M­ü­b­e­r­r­a­ ­B­o­z­d­a­ğ­ ­a­n­l­a­t­ı­y­o­r­:­ ­F­l­o­o­r­t­i­m­e­ ­t­e­r­a­p­i­s­i­ ­n­e­d­i­r­?­

M­ü­b­e­r­r­a­ ­B­o­z­d­a­ğ­ ­a­n­l­a­t­ı­y­o­r­:­ ­F­l­o­o­r­t­i­m­e­ ­t­e­r­a­p­i­s­i­ ­n­e­d­i­r­?­

Çocuklarda özellikle konuşma gecikmesi, sosyalleşememe gibi gelişimsel problemlerde uygulanan bu yöntemi daha detaylı inceleyelim.

Kentselleşme, dijital çağ, beslenme değişiklikleri, toplumsal stresin artması, teknolojinin gelişmesi, kimyasalların hayatımızda yer etmesi derken son yıllarda tüm dünyayı değiştiren Covid-19 çocuklarımızı ve onların gelişimlerini de yakından etkilemiştir.

Yeni dönem ebeveynleri çocukların gelişimi için uzmana başvurma zorunluluğu oluşturdu. Ve bu dönem çocuk merkezlerine başvurular yoğun bir şekilde arttı. Bizlerin bile birçok alandan etkilendiği bu süreç hayata yeni gözlerini açmış ya da henüz çocuk olan birçok bireyi olumsuz yönde etkiledi. Ekran kullanma yaşı ortalama verilerle 3 aya kadar düştü. Peki, düzen değişti ise ebeveynlerin ne yapması gerekiyor? Sekoya Çocuk Merkezi kurucusu Müberra Bozdağ yeni normalde çocuk büyütmenin ve gelişimsel sorunlarla baş etmenin püf noktalarını veriyor.

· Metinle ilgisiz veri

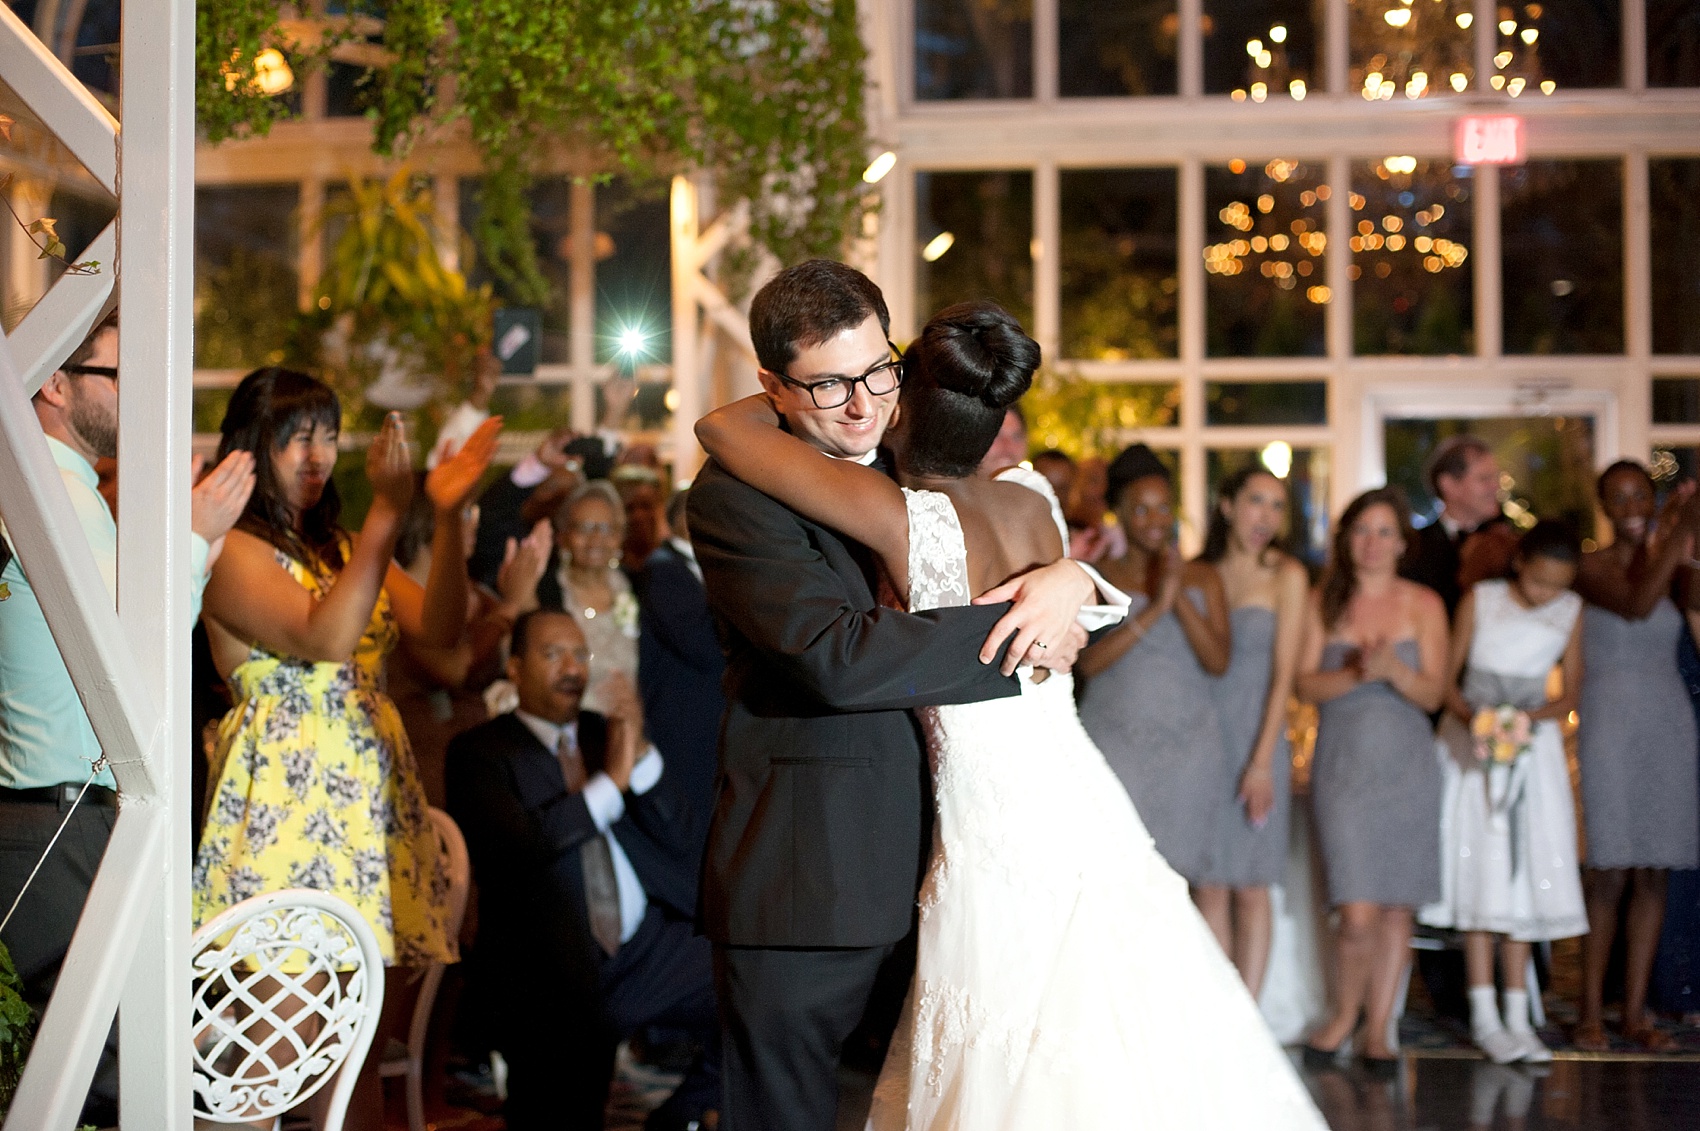 Wedding reception at the Conservatory at The Madison Hotel, New Jersey. Photos by Mikkel Paige Photography.

Pandemi sürecinde eşlerin çocuk dünyaya getirme ile ilgili isteklerinin %38 oranında azaldığı tespit edilirken, ebeveynlerin çocuk büyütme kaygısı yoğun bir şekilde artmıştır. Kreş ve anaokulu gibi destek eğitim merkezlerine ise talebin azalması oldukça dikkat çekici.

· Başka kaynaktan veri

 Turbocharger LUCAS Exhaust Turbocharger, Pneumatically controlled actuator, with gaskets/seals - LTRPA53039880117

Pedogojik alanda çalışan, psikiyatrist, psikolog, fizyoterapist, ergoterapist, dil ve konuşma terapisti, özel eğitim alanı öğretmeni, okul öncesi öğretmeni çocuk gelişimcisi ve eğitimcisi gibi uzmanlara danışma ve çocukların gelişimine dair destek uzman görüşü alma ihtiyacı da artmaya başladı.  Türkiye’de 12 yıllık tecrübesi ile pedagoji alanında başarılı isimlerden, Sekoya Çocuk Merkezi’nin kurucusu Müberra Bozdağ, gelişimsel olarak sorunlar yaşayan çocuklarda kapsamlı değerlendirmeler sonrası tercih ettiği Floortime Terapisi ile ilgili önemli ipuçları verdi.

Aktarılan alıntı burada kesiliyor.